Google Trained Gemini 3 Entirely Using JAX on Its TPUs: Here Is Why It Matters
Discover Google's edge in training Gemini 3 entirely on JAX and TPUs, and learn to build your first neural network using Google’s JAX AI stack.

Google truly has an edge in building AI.
Check out their wide range of models across different categories compared to those of other prominent players in the market.

It’s also the only company vertically integrated end-to-end in the AI value chain.
Be it foundation models (Gemini), applications (ImageFX, Search with Gemini, NotebookLM), Cloud architectures (Google Cloud, Vertex AI), or Hardware (TPUs), Google is ahead in it all.

Google recently announced the release of Gemini 3, its most capable LLM to date. I don’t want to go into the benchmarks that describe how good it is. Instead, I want to get your attention to something else that is way more important.
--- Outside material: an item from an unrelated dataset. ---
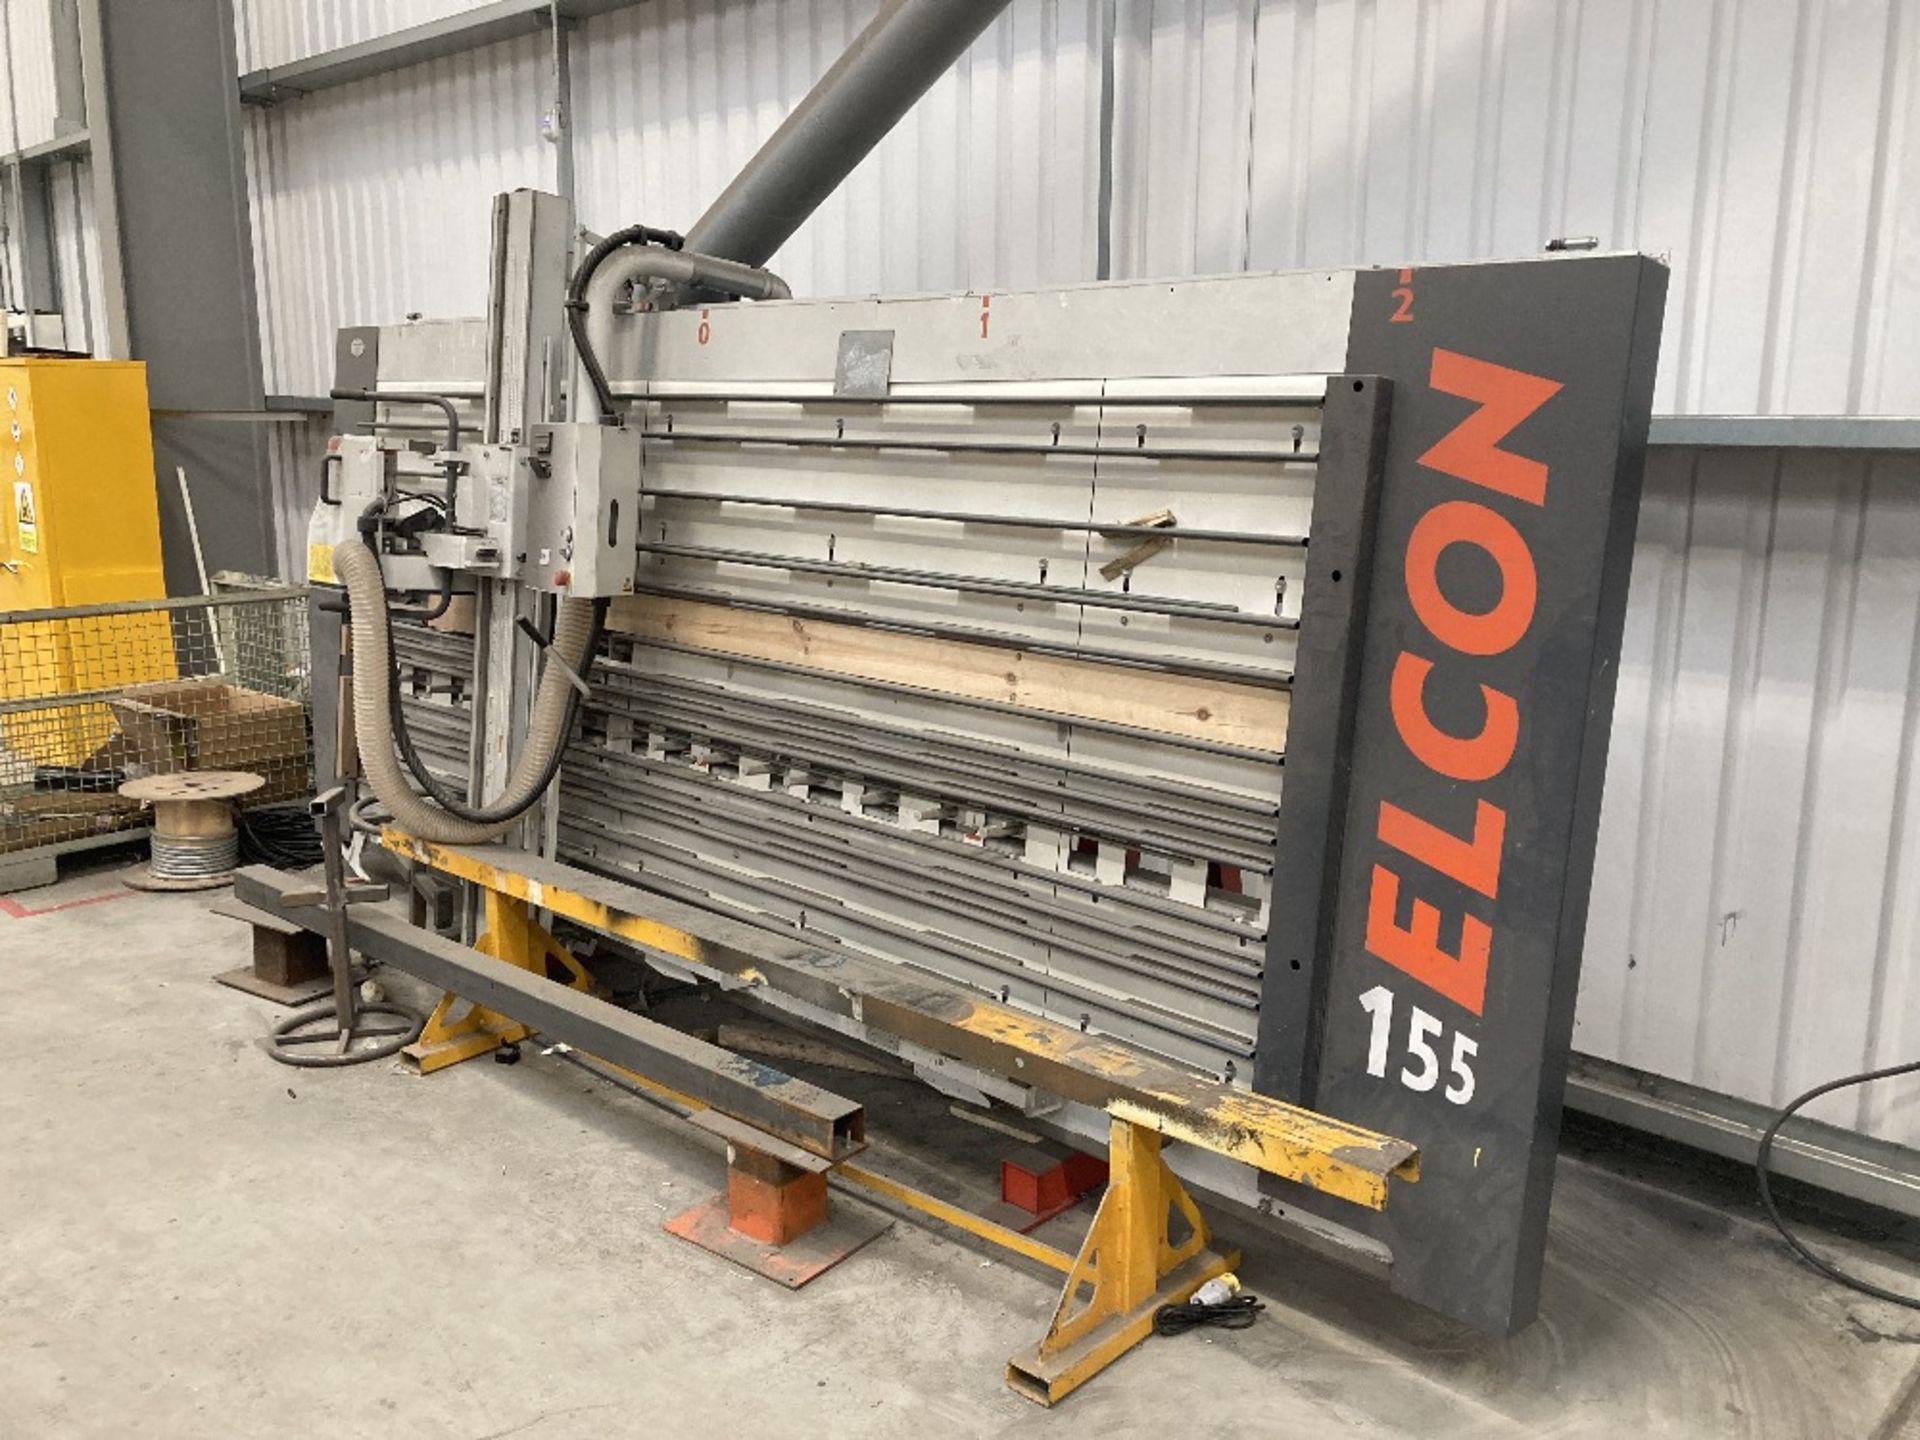 Elcon 155 DS Vertical Panel Saw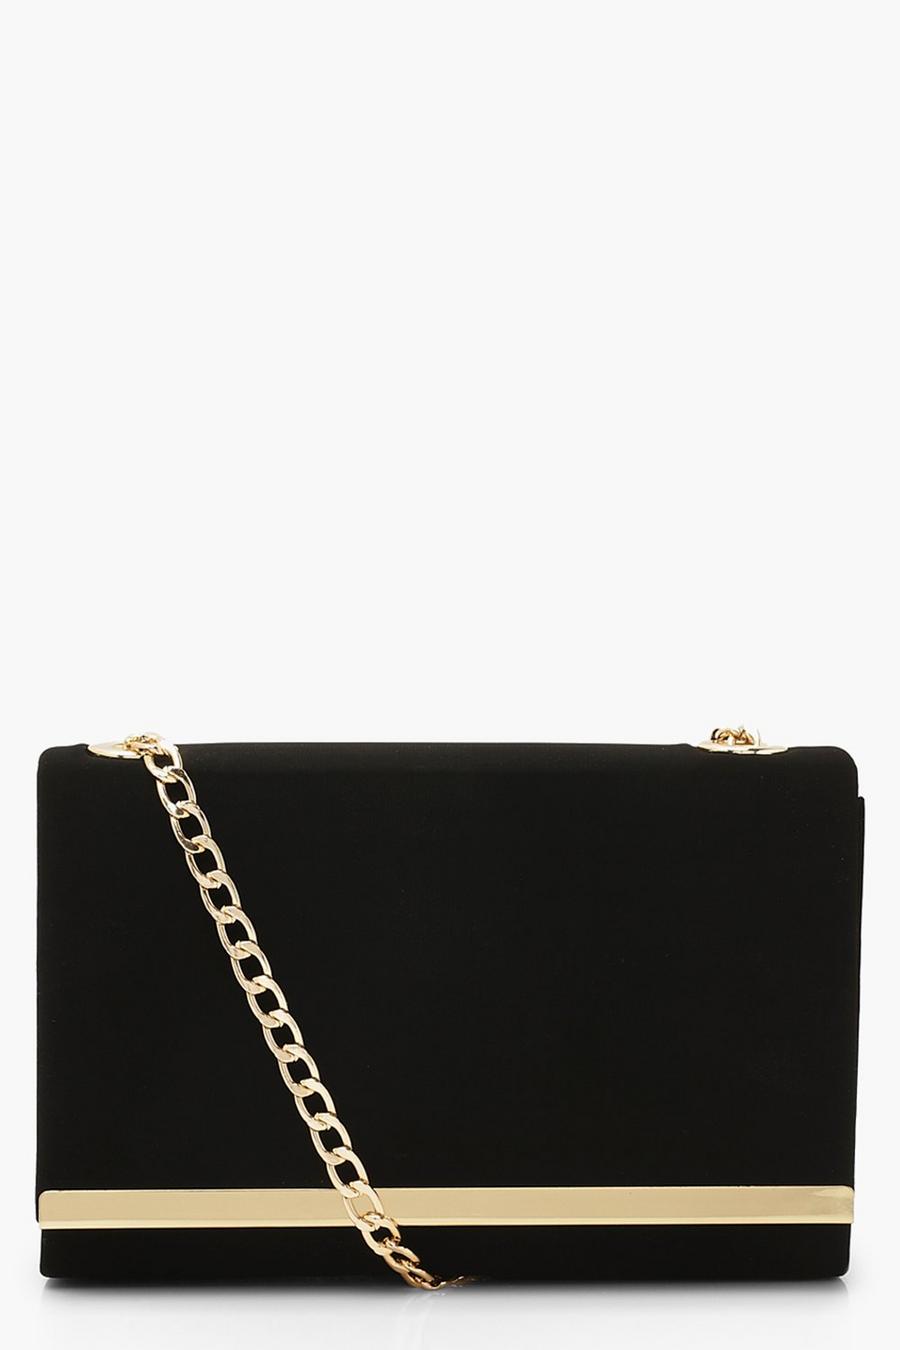 Black noir Structured Suedette Clutch Bag and Chain

There’s an ecosystem you might not be aware of since most media and consulting companies don’t often touch on it. This tweet by Jeff Dean, the Chief Scientist at Google DeepMind & Google Research, will point you towards it.

Google trained Gemini 3 using their JAX software stack and their TPUs.

This isn’t new. Google has long been pushing to improve its capabilities and reduce its reliance on NVIDIA GPUs.

And they have been gradually building what is now the JAX AI stack.
This stack is not just being used at Google but also by leading LLM providers such as Anthropic, xAI, and Apple (Search for the keyword ‘JAX’ in all these links).
Let’s talk about it in more detail.
What’s the JAX AI Stack?
The JAX AI stack is an end-to-end, open-source platform for machine learning at extreme scales.
There are four core components of this stack, as described below.